ETL Testing : Trends
- Record Count Verification DWH backend/Reporting queries against source and target as a initial check.
Data integrity between the various source tables and relationships. Also we should test the slowly changing dimension as given below. The most common slowly changing dimensions are Types 1, 2, and 3.
The Type 1 methodology overwrites old data with new data, and therefore does not track historical data at all. It only keeps the most recent data in the target This is most appropriate when correcting certain types of data errors, such as the spelling of a name. (Assuming you won't ever need to know how it used to be misspelled in the past.)
The Type 2 method tracks historical data by creating multiple records for a given natural key in the dimensional tables with separate surrogate keys and/or different version numbers. It keeps full history in the target. With Type 2, we have unlimited history preservation as a new record is inserted each time a update is made.
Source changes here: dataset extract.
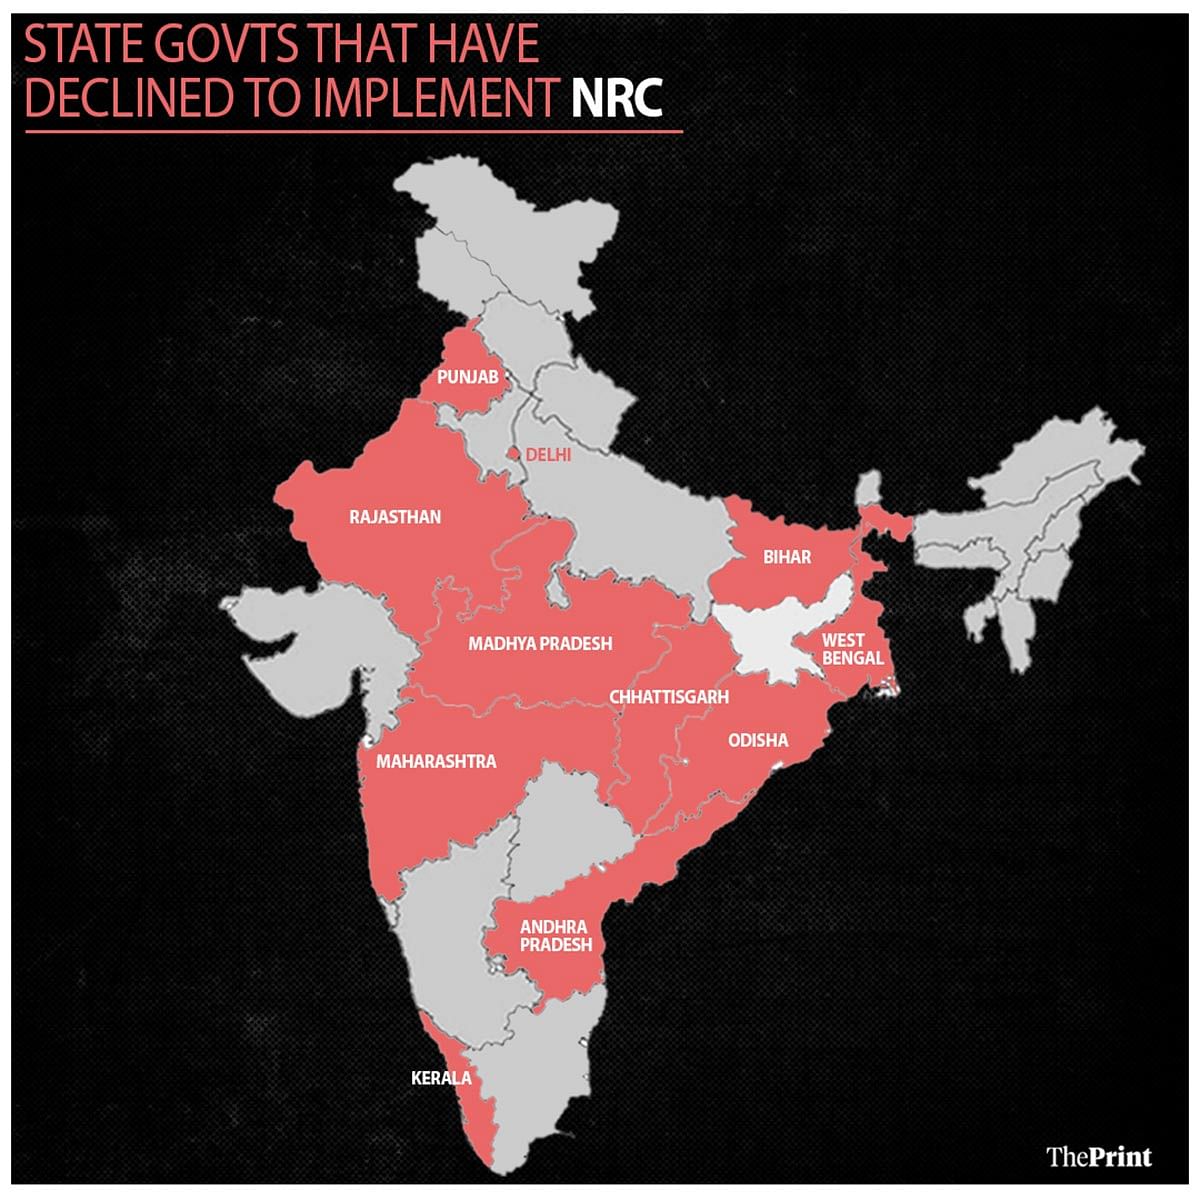 State govts that have declined to implement NRC | Infographic: ThePrint

The Type 3 method tracks changes using separate columns. Whereas Type 2 had unlimited history preservation, it has limited history preservation, as it's limited to the number of columns we designate for storing historical data. It keeps the current and previous information in the target. Where the original table structure in Type 1 and Type 2 was very similar, Type 3 will add additional columns to the tables:
The Type 4 method is usually referred to as using "history tables", where one table keeps the current data; and an additional table is used to keep a record of some or all changes.
Validation for various calculations based on the different transformation rule from source to target. Transformation can be straight move, simple, complex (based on the complexity of the transformation rule) If the target field is related to timeline, default/system generated then this kind of testing should cover in this scenario.
Data Quality Validation
Check for missing data, negatives and consistency. Field-by-Field data verification can be done to check the consistency of source and target data. The scenarios covered are : Not Null, Unique ,Default values. Companies can have various DQC matrix/reports required to analyze data statistics like - In a physician ranking system business need to know total physicians, how many rejected (due to several reasons) , how many ranked, how many applied for ranking etc.
One shot/Retro validation
This kind of testing involves verification of changes applied on past data for the tables in the scope which directly cannot be covered in simple/complex transformation.
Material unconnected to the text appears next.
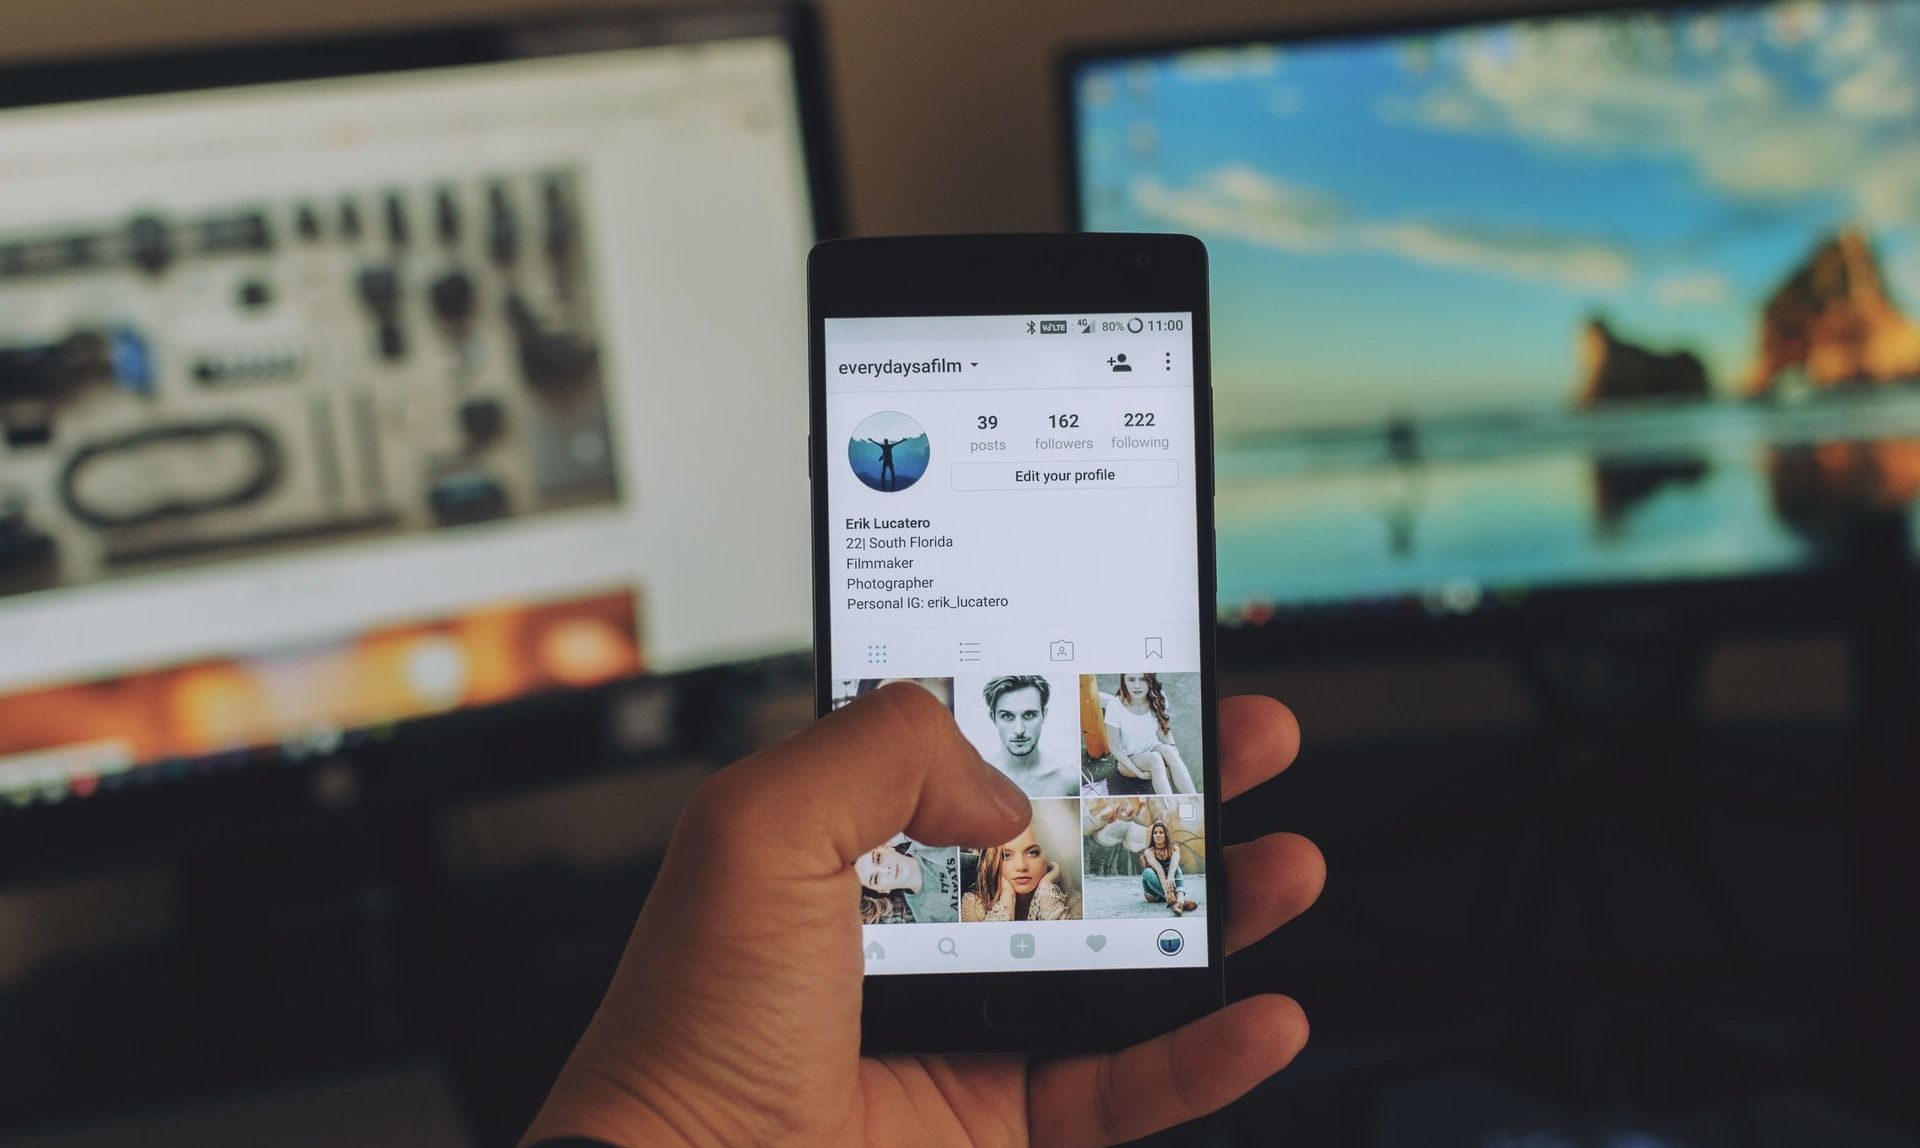 Instagram Account Profile on Mobile Phone

Regression testing will ensure that no other fields get impacted due to code changes.
Join/ RI validation
To verify the join and RI criteria as specified in Requirement document between the test tables.
To verify the views to validate the information that is required to display for user (security validation point of view).
To verify the insert and update in the specific test table.
This scenario involves verification of business rules which will be applied on future data for the tables in the scope which directly cannot be covered in other transformation scenarios.
This scenario involves the prospective / regression validation on production environment.
ETL Testing ChallengesETL testing is quite different from conventional testing. There are many challenges we faced while performing data warehouse testing. Here is the list of few ETL testing challenges :
- Incompatible and duplicate data.
- Loss of data during ETL process.
- Unavailability of inclusive test bed.
- Testers have no privileges to execute ETL jobs by their own.
- Volume and complexity of data is very huge.
- Fault in business process and procedures.
- Trouble acquiring and building test data.
- Missing business flow information.
-Complex transformation rules validation.
-High number of SQLs need to be executed.
Data is important for businesses to make the critical business decisions. ETL testing plays a significant role validating and ensuring that the business information is exact, consistent and reliable. Also, it minimizes hazard of data loss in production.